The "presentation" layer.
- Reasoning: We use Astro as the application shell. Astro serves as a lightweight container for "Islands" of interactivity. This allowed us to implement and showcase the visualization in React, Vue, and Svelte side-by-side within the same application context.
- Visualization: The 3D calendar is implemented using CSS Grid rather than
Canvas.
- Why CSS Grid? For the specific grid size (7 days * 24 hours = 168 cells), DOM manipulation is fast enough and offers superior accessibility (screen readers) and easier styling compared to a Canvas implementation.
- Reasoning: To ensure visual consistency across different frameworks, styles are defined in a framework-agnostic way using standard CSS and CSS Variables.

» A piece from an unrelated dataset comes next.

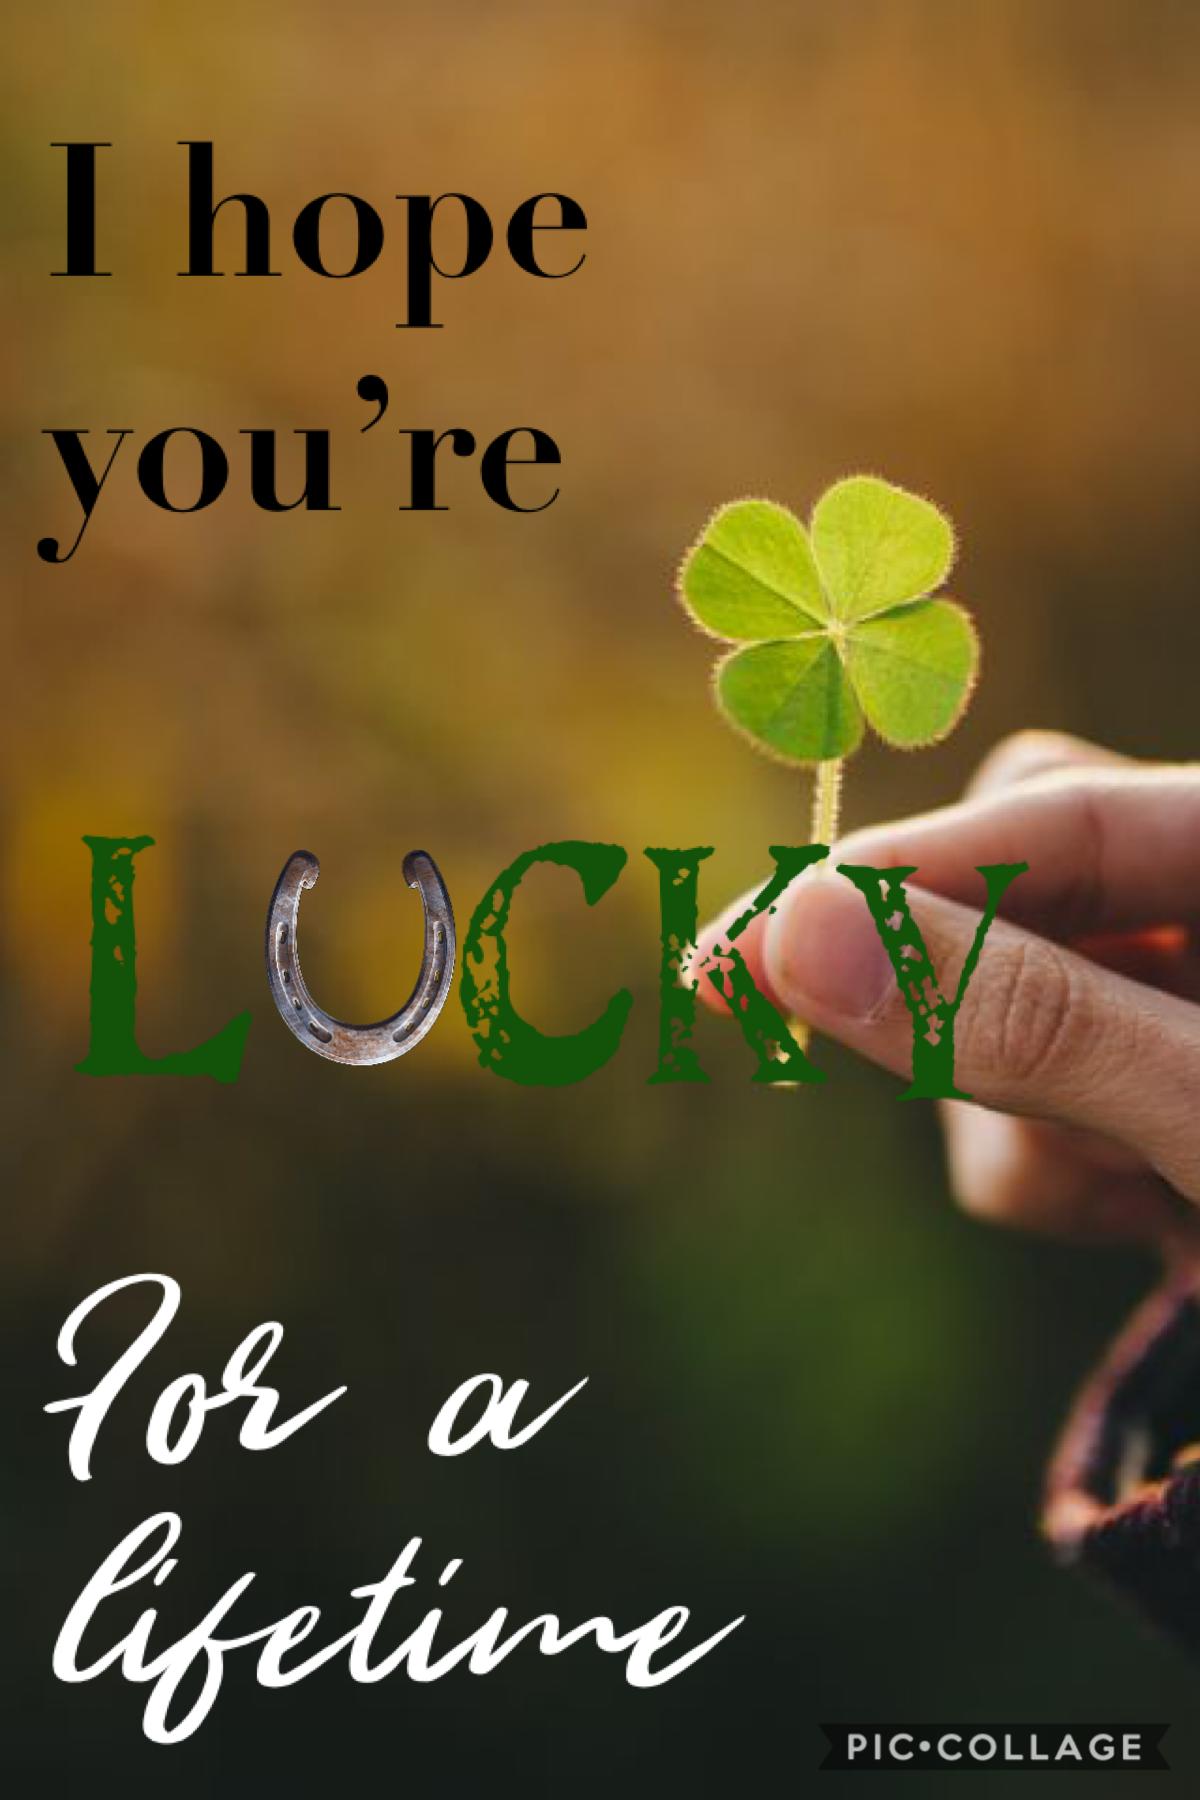 I hope you’re lucky now and forever

| Decision | Choice | Reasoning |
|---|---|---|
| Package Manager | pnpm | Fast and allows us to use monorepos efficiently. |
| Validation | Zod | Runtime validation is critical for external streams. Zod infers TS types, reducing duplication. |
| State Management | Observer Pattern | The StreamService implements a simple observer pattern, avoiding the overhead of Redux/Vuex for this specific use case. |
Note on the observer pattern:
The observable pattern is a software design pattern in which an object, known as the "subject" or "observable," maintains a list of its dependents, called "observers," and notifies them automatically of any state changes, usually by calling one of their methods.
This pattern is particularly useful for implementing distributed event handling systems, where changes in one part of the system need to be communicated to other parts.
While the current solution is robust, several trade-offs were made to balance complexity with the constraints of the challenge.
- Current Approach: The
EventAccumulatorstores all data in memory. - Trade-off: If the user refreshes the page, the historical data is lost.
- Production Solution: In a real-world scenario, we would persist the
aggregated buckets to
IndexedDB(client-side) or a time-series database (server-side) to allow for historical analysis and session restoration.
- Current Approach: CSS Grid and DOM nodes.
- Trade-off: If the refresh rate were to increase significantly, DOM manipulation could become a bottleneck and canvas would be more efficient.
- Production Solution: For larger datasets, migrating to WebGL (via Three.js) or Canvas would be necessary to maintain high refresh rate.
- Current Approach: Heavy focus on Unit Tests for
packages/core(100% coverage of logic). - Trade-off: E2E tests (Playwright) are minimal.
- Production Solution: Expand E2E coverage to simulate network failures and verify recovery UI flows automatically.
- Node.js 22+
- pnpm 10+
# Clone the repository
git clone https://github.com/edouardmisset/upfluence-coding-challenge.git
# Install dependencies
pnpm install
# Start development server
pnpm devOpen http://localhost:4321/upfluence-coding-challenge/ to view the landing
page.
The core logic is fully unit tested using Vitest.
# Run all tests
pnpm test
# Run linting
pnpm lint
# Run formatting
pnpm formatEdouard Misset
Some code was generated with the help of AI tools (GitHub Copilot) to accelerate development. All code has been reviewed and adjusted by the author to ensure quality and correctness.